I pointed out that he has just written his autobiography.

He giggled. “Yeah… well, that’s all right, that’s just communication again. Of course there’s a certain amount of attention seeking, or performance, but I’m not out for fame.’ In that case, why did he leave Scottish broadcasting?

“Without wishing to be offensive to my homeland, I wanted to work on the big stage of the BBC which is – was, certainly – London. It’s perfectly understandable why people want to work in local radio or regional radio, but what I wanted to do was work in British national radio.

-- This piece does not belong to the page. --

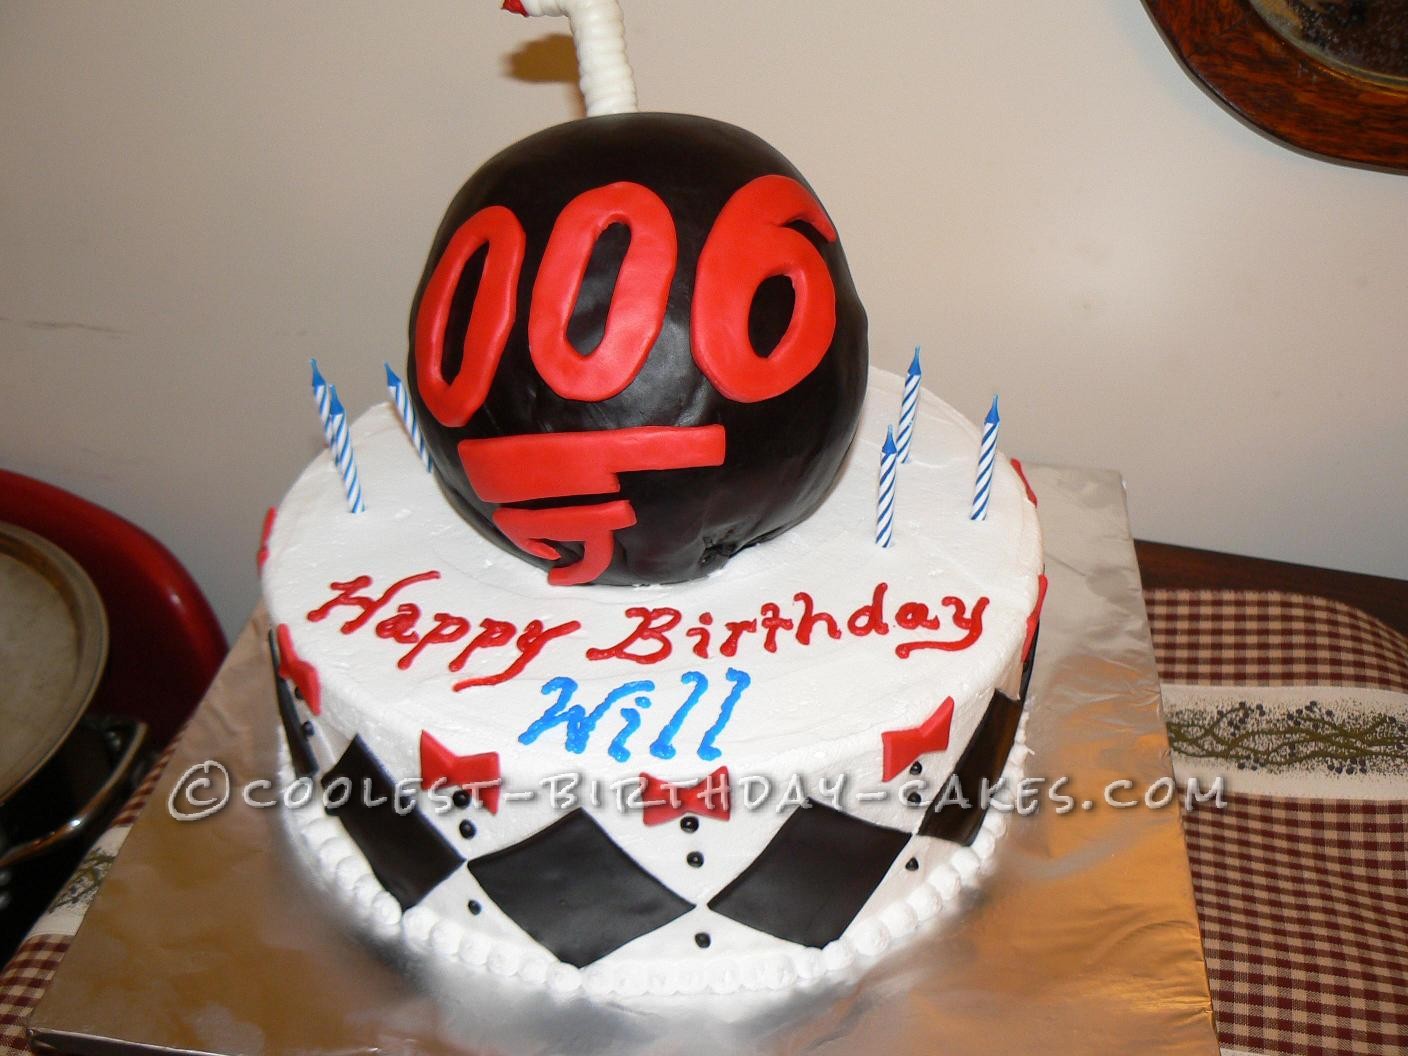 James Bond 006 6th Birthday Cake

It’s a thing about acceptance, really: if I could work there, I’d cracked it: I’d come to the peak of the business – the craft or trade I’d gone into.”

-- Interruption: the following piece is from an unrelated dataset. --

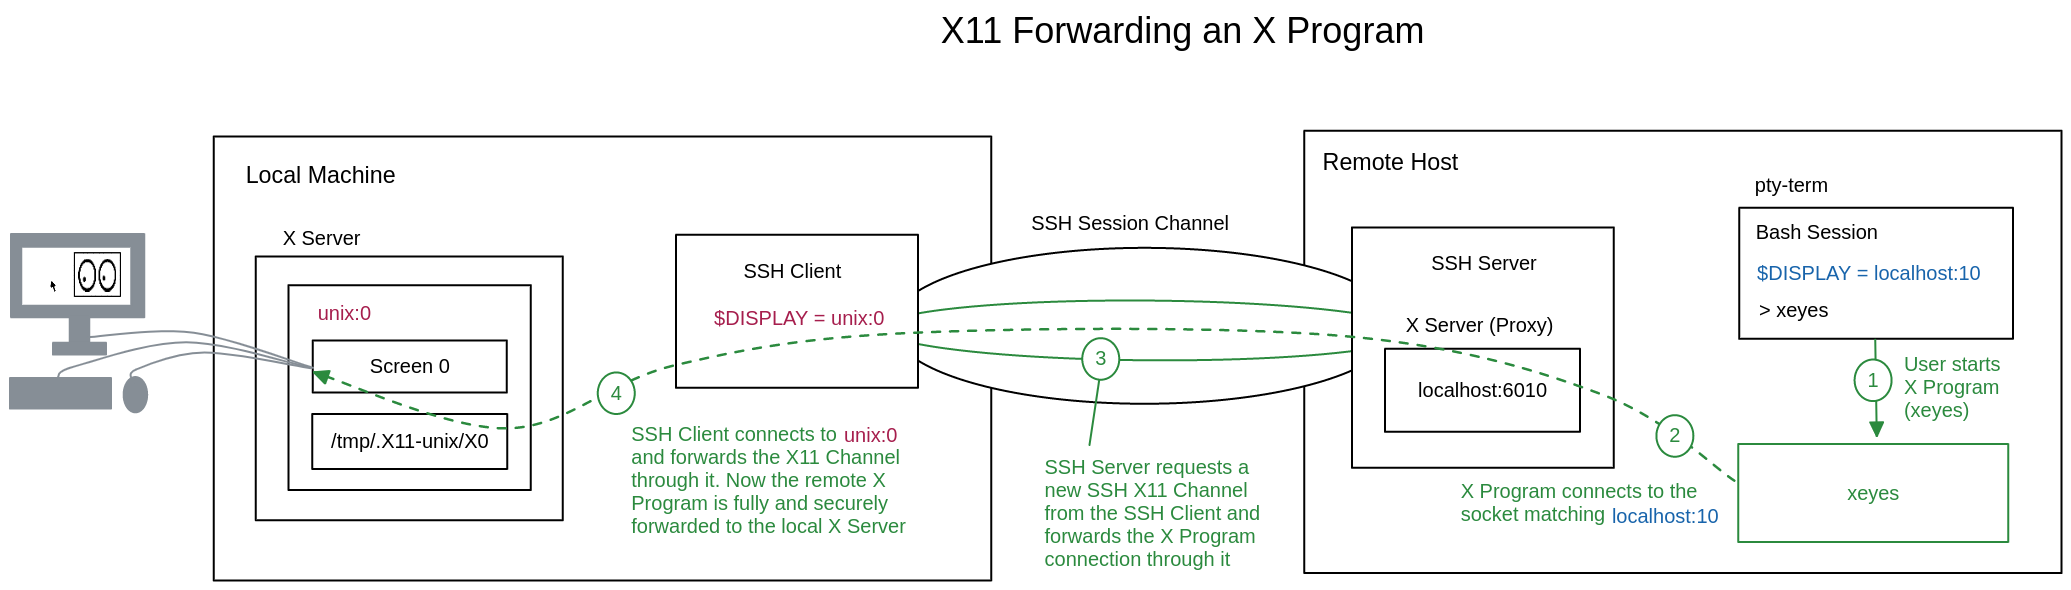 X11 Forwarding an X Program

And that’s where (wanting fame or not – I’m still not absolutely sure!) Ken Bruce has stayed for more than two decades; often in the direct shade of Terry Wogan, who goes just before Christmas. “He could have stayed on, but he’s entirely right to go with what he feels is best: to a great extent, he’s the setter of the style of the network. Largely because it stretches from him to the sharper end, Radio 2 is in good shape.” He also robustly defends the BBC, as you’d expect, from suggestions that it should be sold off: “You can’t sell me, you can’t sell Chris Evans, the commercial radio stations are just bleating.”

There is, a private side to Ken Bruce. It was largely because of his seven-year-old son that he and his wife Kerith moved to Oxfordshire. Murray is autistic, and as Ken puts it in his book “doesn’t speak”. “We knew about the Chinnor Autism Resource Base, part of St. Andrew’s School, and we’d wanted him to go there if possible. It’s ideal. He’s enjoying it, but we haven’t had that breakthrough moment yet and you just don’t know when that’ll come – or if it will come. We think he can say more than he ever does, but we don’t know. We’ve had one sentence ever, ‘I want my mummy’, when he caught his finger in a door.”

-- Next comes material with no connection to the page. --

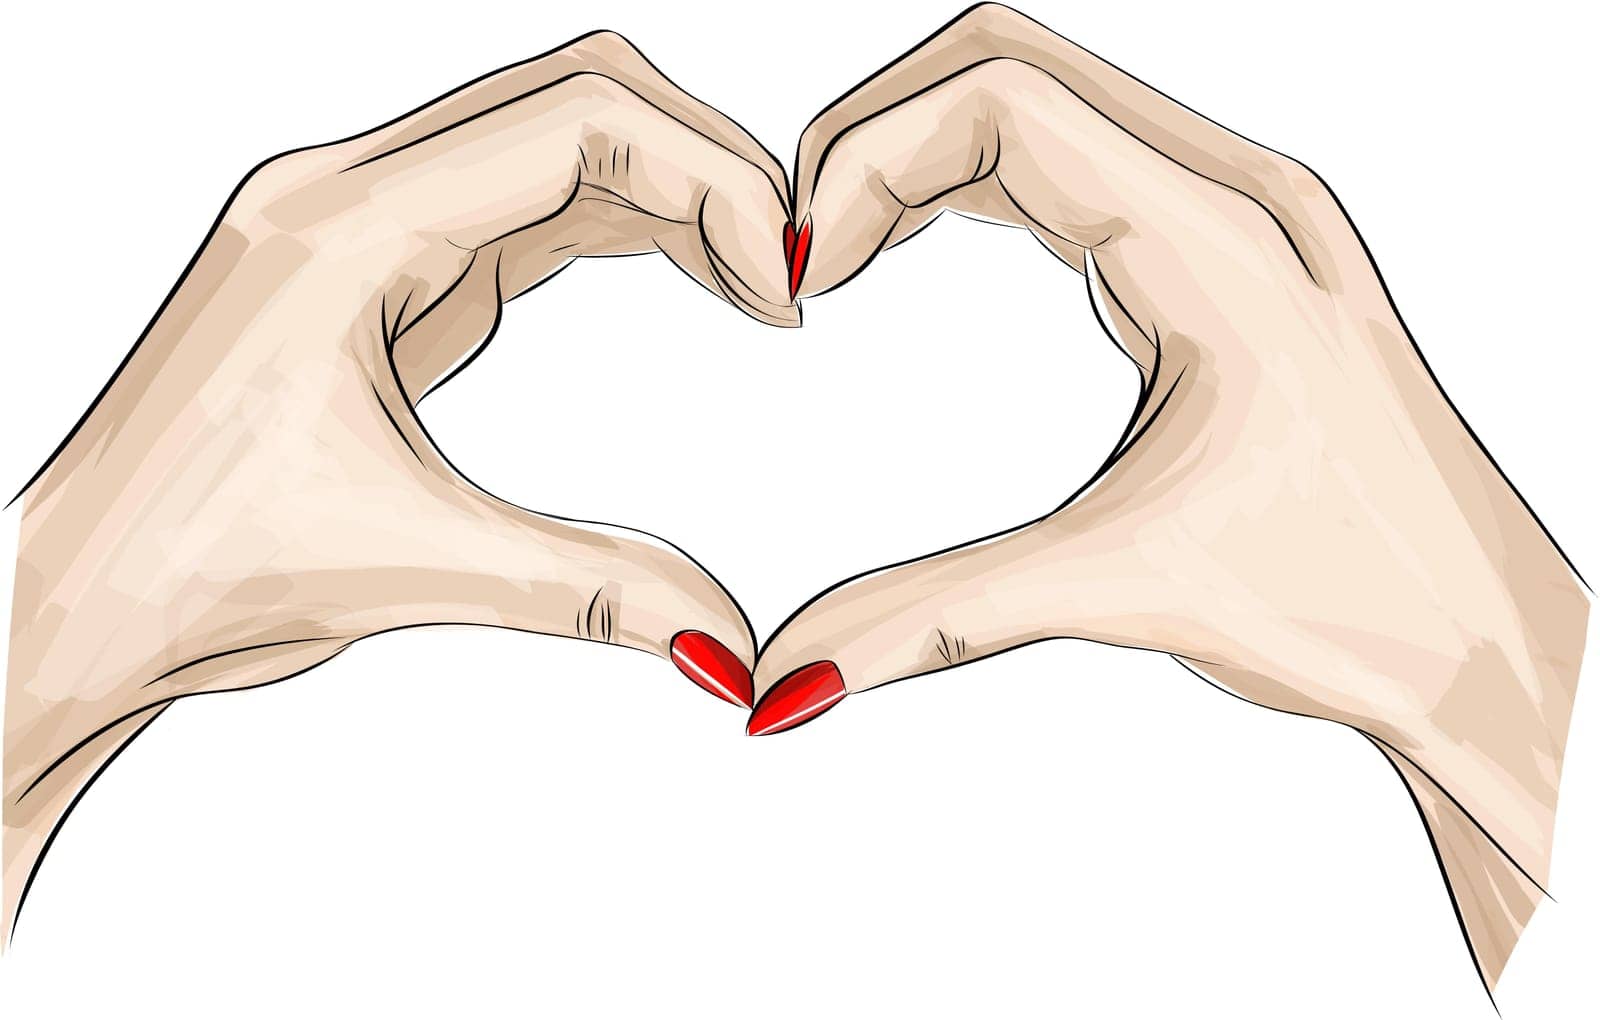 Sketch of hands showing heart shape gesture, Hand drawn vector line art. Sketch of hands showing heart shape gesture, Hand drawn vector line art illustrationillustration

Back to the mid-morning pro (“My contract’s extended to 2012, but the details aren’t inked in”). I asked what his own Desert Island musical choices would be.

“A Motown track, a Sinatra or Fitzgerald, a bit of accessible classical music, and maybe a couple of recent songs — New York, by Paloma Faith, is just wonderful — and Kenneth McKellar singing My Love Is Like A Red, Red Rose.”

I raise an eyebrow. “No, seriously, listen to it: it’s a beautiful arrangement”.

He’s no eclectic John Peel, but Ken Bruce is certainly in tune with his audience.

* Tracks of My Years is published by Sidgwick & Jackson at £18.99.